BEGIN Records
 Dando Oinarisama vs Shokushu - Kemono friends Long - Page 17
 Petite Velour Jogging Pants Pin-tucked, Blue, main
END Records
BEGIN Records
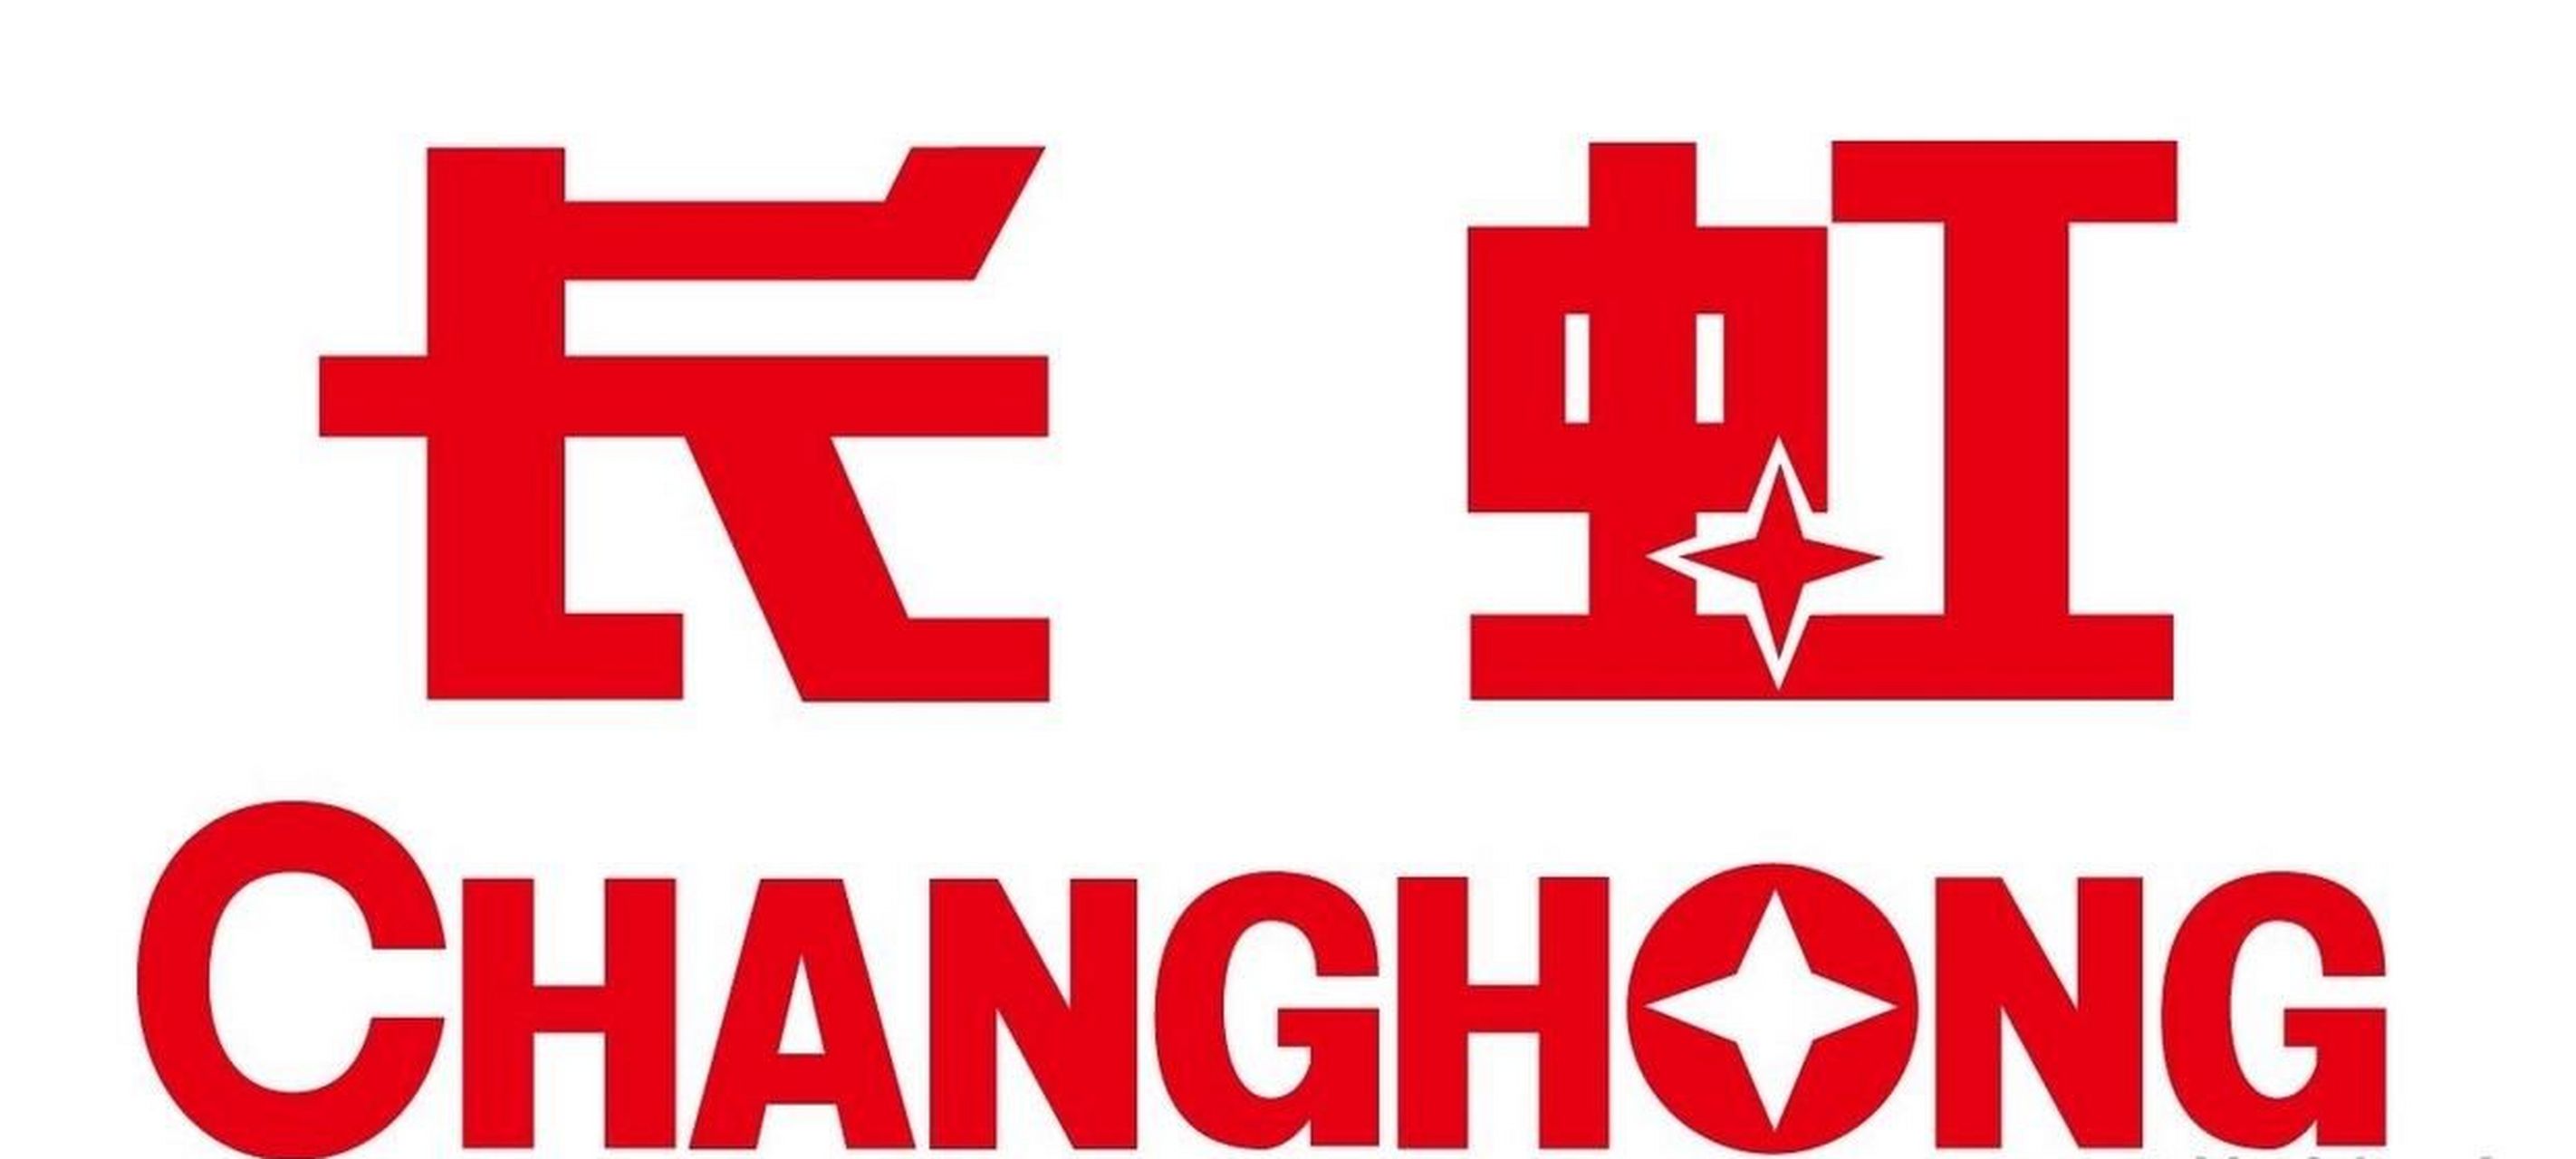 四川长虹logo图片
END Records
BEGIN Records
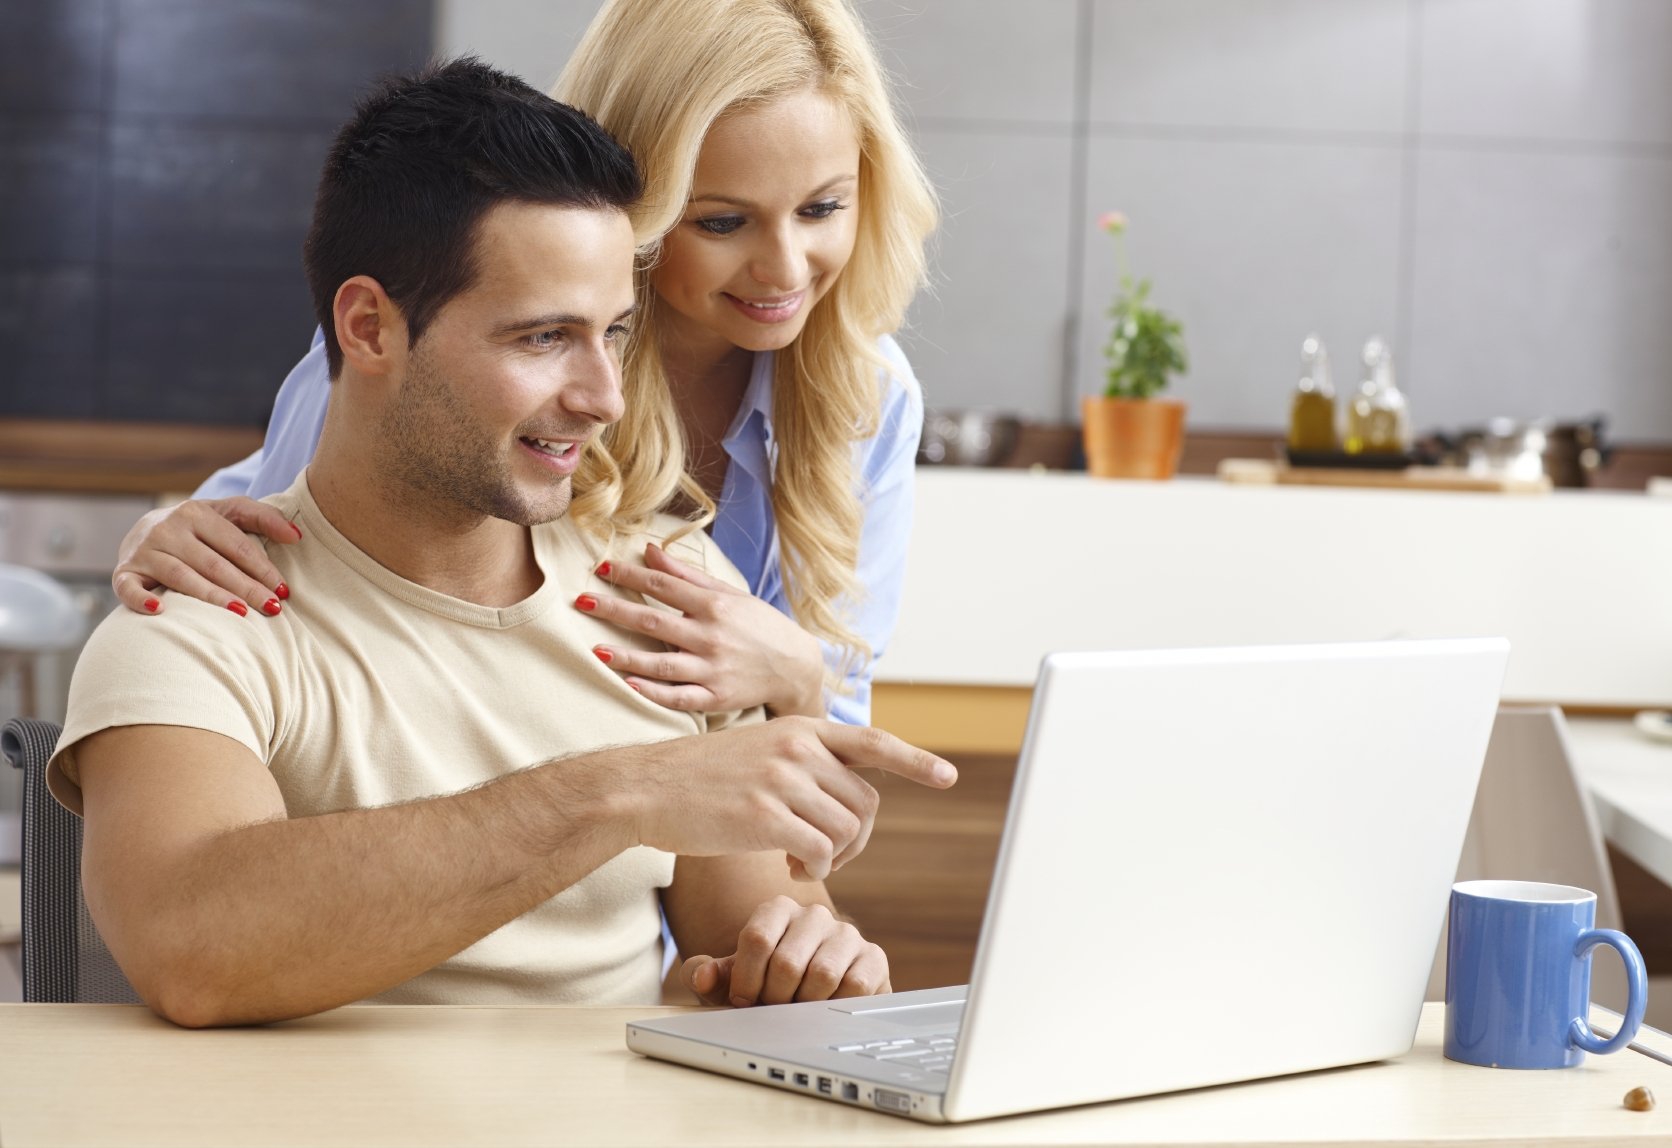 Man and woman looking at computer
END Records
[Exercise description]
Retype, exactly and in full, the lines above from the one containing "Dando Oinarisama vs" through the one containing "Petite Velour Jogging".

[Exercise result]
 Dando Oinarisama vs Shokushu - Kemono friends Long - Page 17
 Petite Velour Jogging Pants Pin-tucked, Blue, main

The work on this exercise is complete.